HIV related mortality remains high among medical inpatients, especially among HIV-positive patients who recently initiated ART or have not started ART yet.

Citation: Matoga MM, Rosenberg NE, Stanley CC, LaCourse S, Munthali CK, Nsona DP, et al. (2018) Inpatient mortality rates during an era of increased access to HIV testing and ART: A prospective observational study in Lilongwe, Malawi. PLoS ONE 13(2): e0191944. https://doi.org/10.1371/journal.pone.0191944

Editor: Sarah L. Pett, University of New South Wales, AUSTRALIA

Received: April 13, 2017; Accepted: January 13, 2018; Published: February 7, 2018

Copyright: © 2018 Matoga et al. This is an open access article distributed under the terms of the Creative Commons Attribution License, which permits unrestricted use, distribution, and reproduction in any medium, provided the original author and source are credited.

Data Availability: Data are available from the UNC project Data Access/Repository and National Health Sciences Research Ethics Committee for researchers who meet the criteria for access to confidential data. Data are from the "CD1114 Improving inpatient hospital care: program evaluation of causes of hospitalization, uptake of routine HIV testing and counseling, early ART initiation and outcomes at Kamuzu Central Hospital" study. Data access requests can be sent to the UNC project's Data Manager, Wiza Kumwenda, at: wkumwenda@unclilongwe.org.

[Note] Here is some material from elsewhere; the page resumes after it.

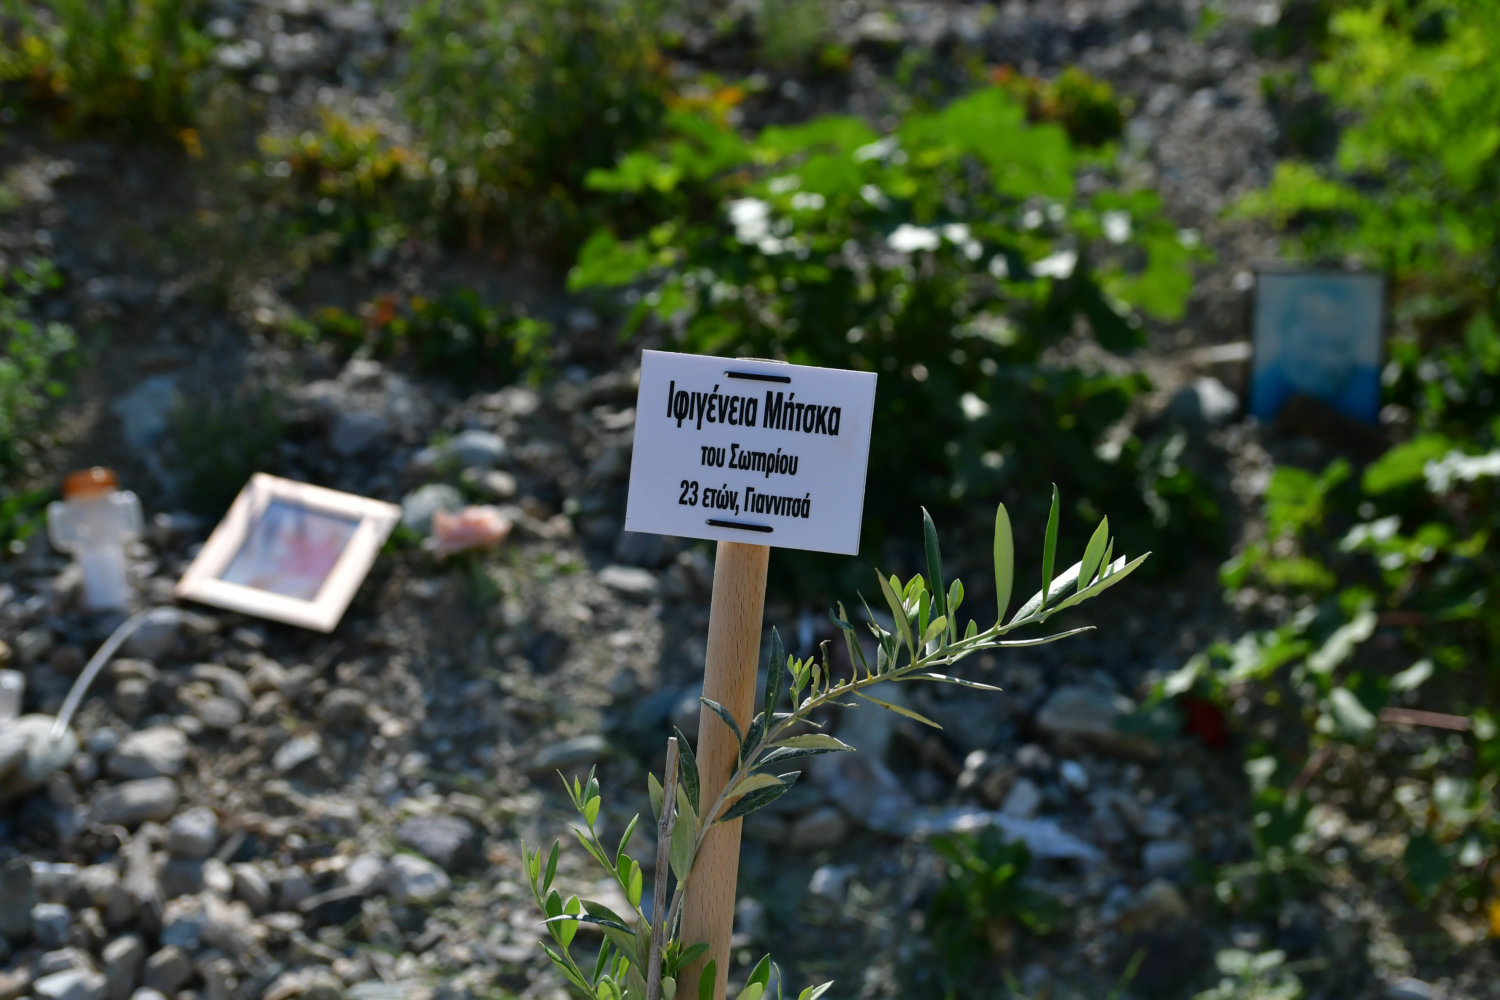 Συγκλονιστική στιγμή στο σημείο της τραγωδίας στα Τέμπη (φωτογραφία)

Funding: Research reported in this publication was supported by the National Institutes of Health through the University of North Carolina, Center for AIDS Research under award NIH P30-AI50410-14. This grant supported the study design, data collection and manuscript preparation. MM received funding from NIH P30-AI50410-14. NR was supported by the UNC Hopkins Morehouse Tulane Fogarty Global Health Fellows Program (R25 TW009340) and The National Institute of Mental Health (K99 MH104154-01A1). BH received funding from Doris Duke. SL received funding from the Fogarty International Clinical Research Scholars and Fellows Program at Vanderbilt University (R24 TW007988) and the American Recovery and Reinvestment Act. Bryce Haac is supported as a Doris Duke scholar.

Competing interests: The authors have declared that no competing interests exist.

Introduction

Marked and sustained reductions in opportunistic disease and AIDS-related death have been observed world-wide as a consequence of increased access to HIV testing and extensive use of antiretroviral therapy (ART) [1–4]^. These health benefits have been observed across diverse patient populations, leading to reduced hospitalization and mortality from HIV/AIDS related illnesses [5–9] and increased life expectancy [10].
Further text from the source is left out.